What: $1.55 million settlement resolving allegations that Healthline violated the California Consumer Privacy Act by sharing personal data with third parties despite user opt-outs and transmitting article titles revealing potential medical diagnoses.

When: Settlement announced July 1, 2025, following California Department of Justice investigation beginning in fall 2023, with violations occurring throughout 2023.

Where: California Superior Court for San Francisco, with Healthline.com serving global audiences while maintaining significant California operations and user base.

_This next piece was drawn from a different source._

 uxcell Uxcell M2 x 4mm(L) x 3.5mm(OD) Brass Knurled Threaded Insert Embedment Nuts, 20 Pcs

Why: Healthline failed to honor consumer opt-out requests, shared sensitive health-related information with advertisers, and lacked proper contractual protections for consumer data as required under California privacy law.

Healthline.com operates as one of the world's top 40 most visited websites, serving approximately 6.5 million California residents monthly. The platform generates revenue through personalized advertising, utilizing online tracking technologies to share reader data with third parties. According to the complaint filed with San Francisco Superior Court, approximately 65,000 Californians had opted out of data sharing through various mechanisms.

The California Department of Justice investigation revealed multiple systemic failures in Healthline's privacy compliance. Even after users activated the "triple opt-out" through cookie banners, privacy links, and Global Privacy Control, investigators observed 118 cookies from advertising companies still being placed. The tracking continued to send data transmissions to dozens of advertising firms, including unique identifier cookies and sensitive article titles.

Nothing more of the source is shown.